Honey, if you really have celiac, you’ll put the brownie down and carefully back away, washing your hands immediately. If you think you might be somewhat gluten-intolerant, or are avoiding gluten because you think it is healthier for you, that is fine, you can say that.

But know this: that is a different thing from celiac. It really is.

Don’t ruin it for those of us who have a medical condition, one that poses serious medical complications – now and later in life – if we ever eat gluten.

* But not both at the same time: it is not likely to get an accurate test after following a strict elimination diet. The blood test most commonly used tests for antibodies to the gluten proteins.

** I understand that he is no longer employed at that restaurant.


    • Thank you for your comments, and for highlighting the story in the first place.

      This is a post I’ve had in my head to write for some time – the rogue chef was a catalyst for the thoughts to all come together.

  • I am so glad that I know you now. This is such a cogent piece of writing. There has been anger and apoplexy over this issue all day, all over the Internet. Yours is the calmest, and thus the best, response I have read. thank you.

    • Shauna, thank you so much for stopping by. And thank you for your kind comments! The piece took a long time to get right, because I didn’t want to be reactionary.

      I had no idea what a storm had been raised by the topic – I saw your tweet in the morning, followed the two links in the post, and put my head down to write. It was likely better for me that way – less chance of getting hit by internet-shrapnel.

      And I was wrong. The post does have a pretty picture. Your new profile pic is GORGEOUS.

    • Thank you, Sunny, for your visit and comments. This topic is certainly heated for a lot of people, and that makes it hard to learn anything from each other.

      Compassion and listening go a long way. We all just want to enjoy our food, right?

  • I just found this site through the Twitter uproar regarding this ignorant chef… I think you have done an excellent job addressing this issue, and while I probably can’t add too much to this discussion, I just wanted to let you know that I appreciate that you did, in fact, respond to it with more than just outrage — which really doesn’t get things rolling in a productive way at all. I, too, find that it’s important that we not use celiac and gluten-intolerant interchangeably, as casually tossing these identifiers around (and casually disregarding their implications; i.e., strictly avoiding gluten!) really does influence this stigma of gluten-free being a fad diet. I feel sad that the chef seems to have chosen to remain ignorant, but I certainly hope that the celiac and gluten-free community’s response will help set him on the path to education 😉

    Thanks again.

    • Thank you for your comments. Aside from the issues of using the term “celiac” incorrectly, i.e. for people who do not have this medical condition, I wonder what the overall resistance is to folks experimenting with their food.

      If people change the way they eat, add more variety to their diet, explore new foods, why is that a problem? Why is that named a fad, clearly a loaded word in our media?

      I agree, it is sad that people still choose to remain ignorant, and it is dangerous when those people are in the kitchen making food for unwitting restaurant customers.

      The upside to this uproar must be that we expand the conversation around what it means to be gluten-free, and why it is of absolute necessity for some, and a valid choice for others.

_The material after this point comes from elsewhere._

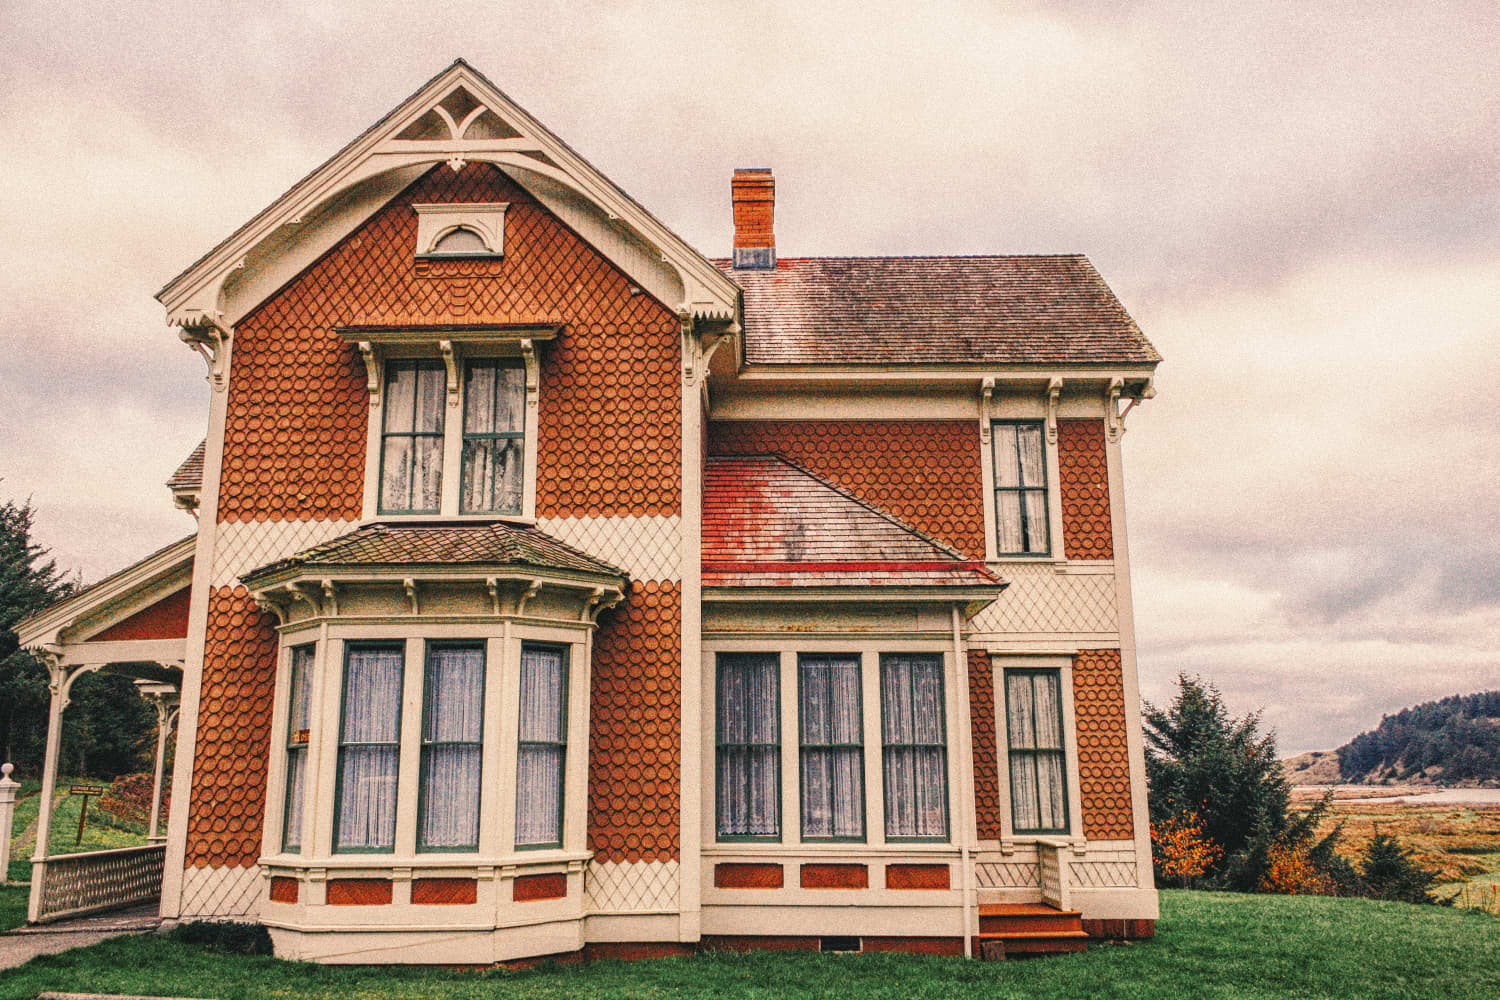 Espectacle de terror: es podria comprar una casa encantada sense saber-ho

  • Thank you for this thoughtful piece. I too am a coeliac ( that’s how we spell it in the UK) and try to lead as normal a life as possible while never eating gluten. The faddists don’t help but this chef story was incredible. Just shows how we need to keep on explaining.

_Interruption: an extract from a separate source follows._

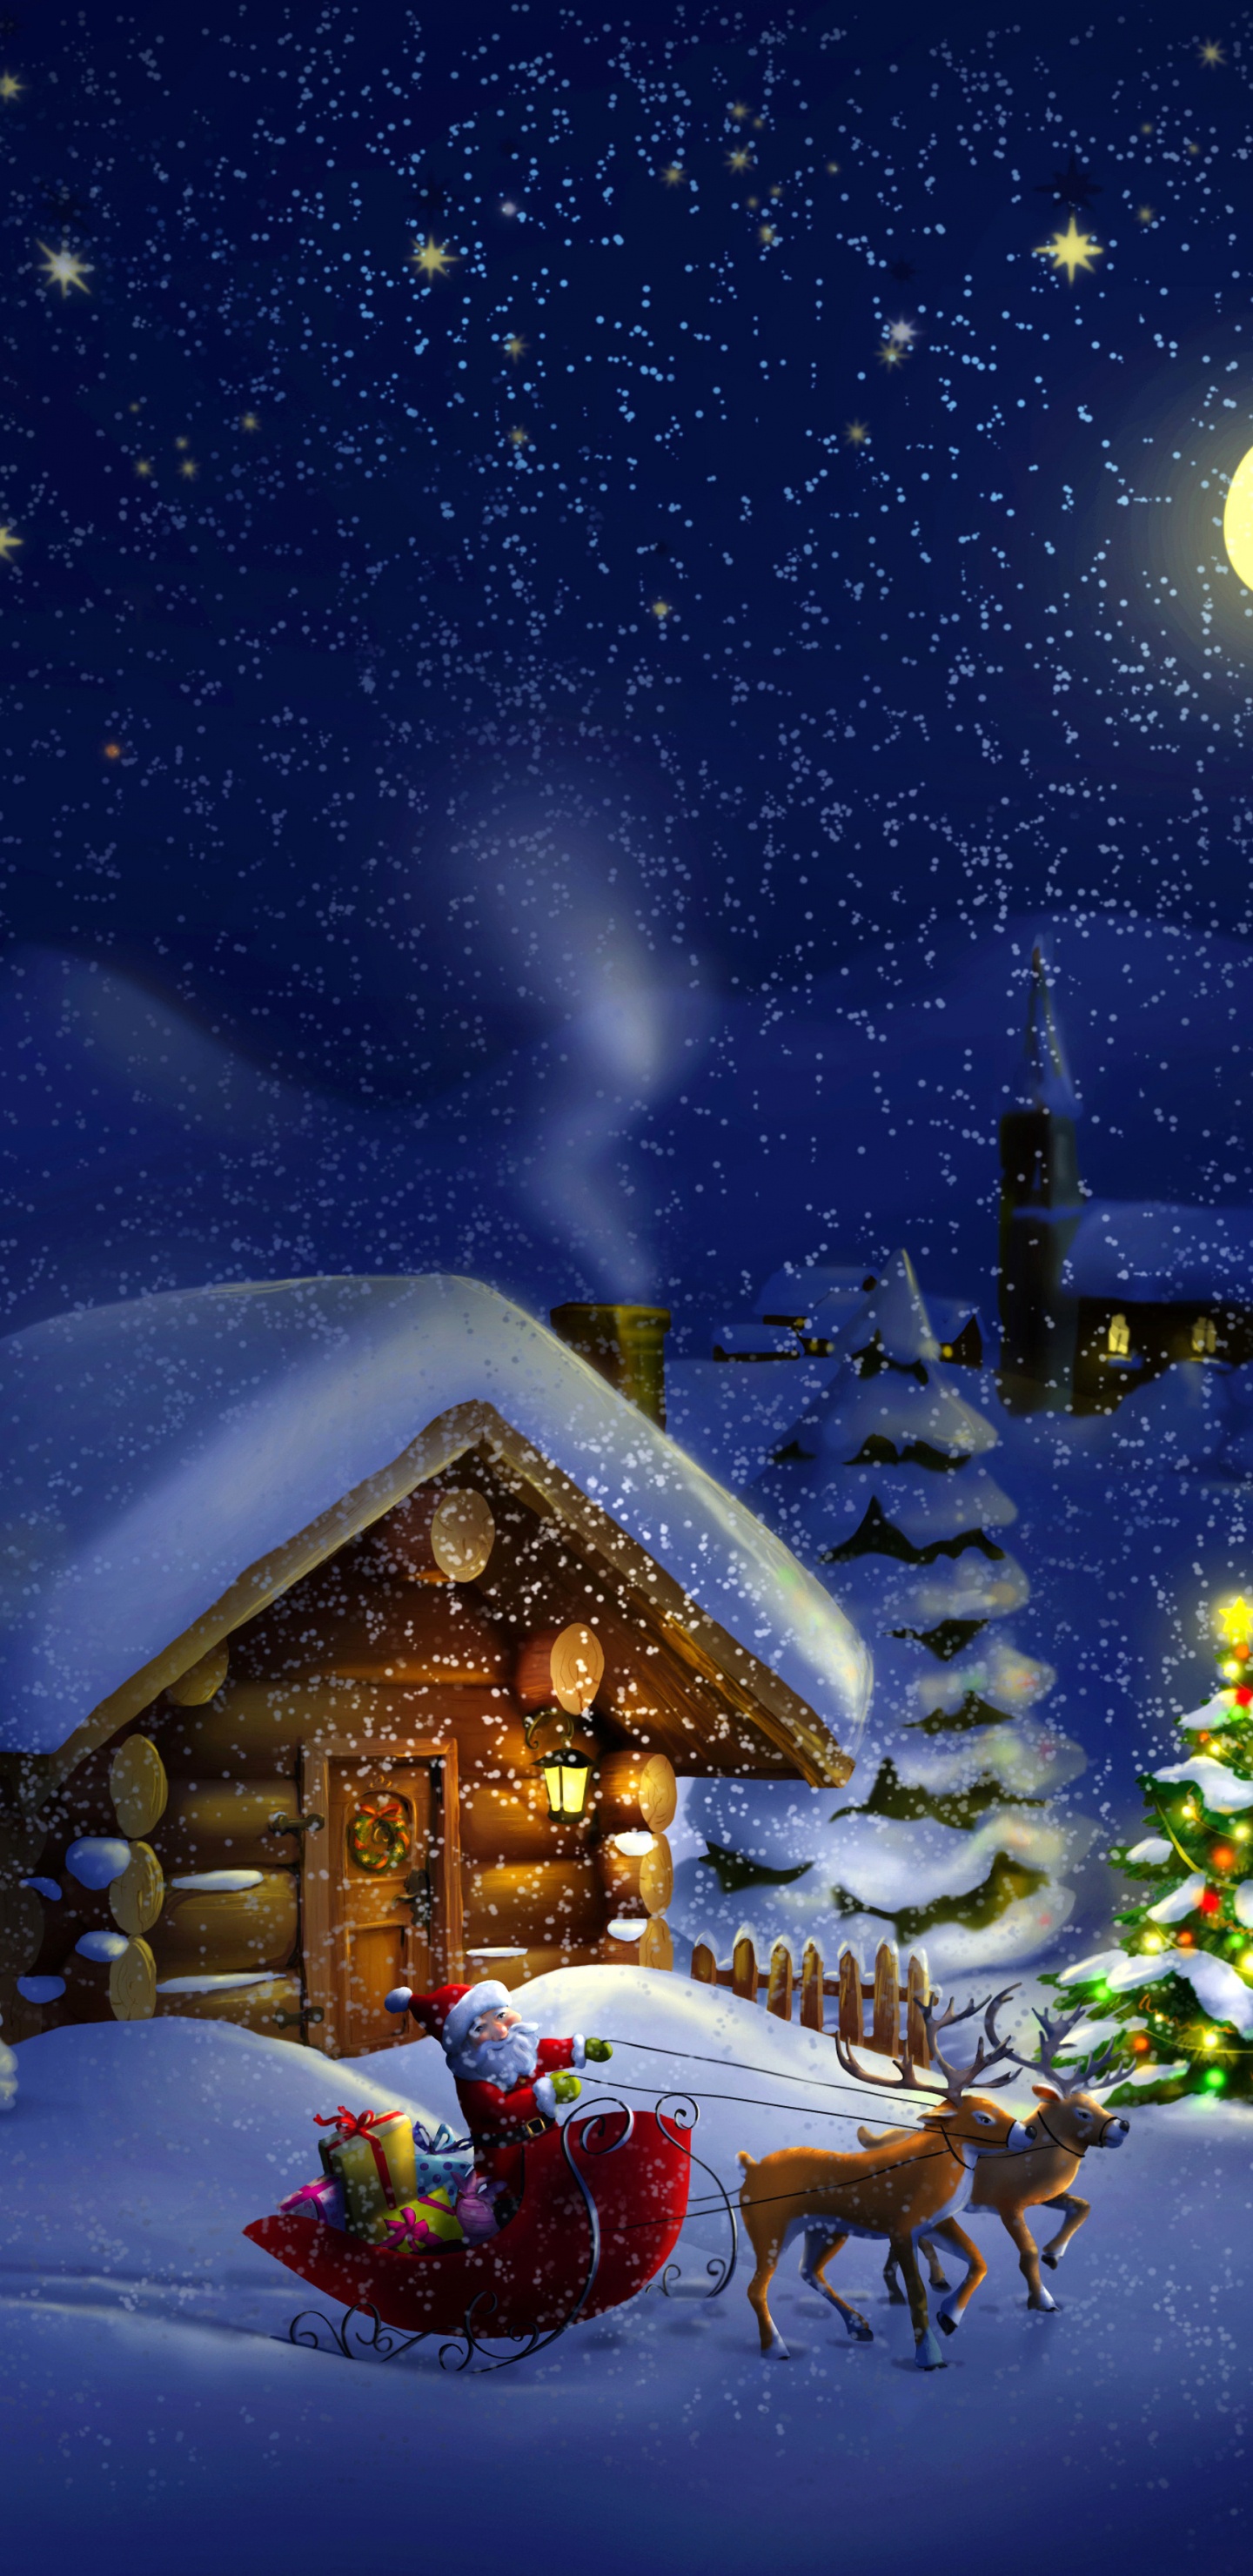 Weihnachten, Weihnachtsmann, Winter, Schnee, Nacht. Wallpaper in 1440x2960 Resolution

    • Thank you for your visit and comments, Lesley. (I love to see the British spellings – I am Canadian, and spell everything the way I was taught, with ours all over the place. My daughter, who was born here in the States, does also. Little rebel.)

      Yes, we need to explain, educate, and inform. And we don’t ever need to apologise. No one asks to have celiac. We do ask to know what is in our food, and to eat safely and nutritiously.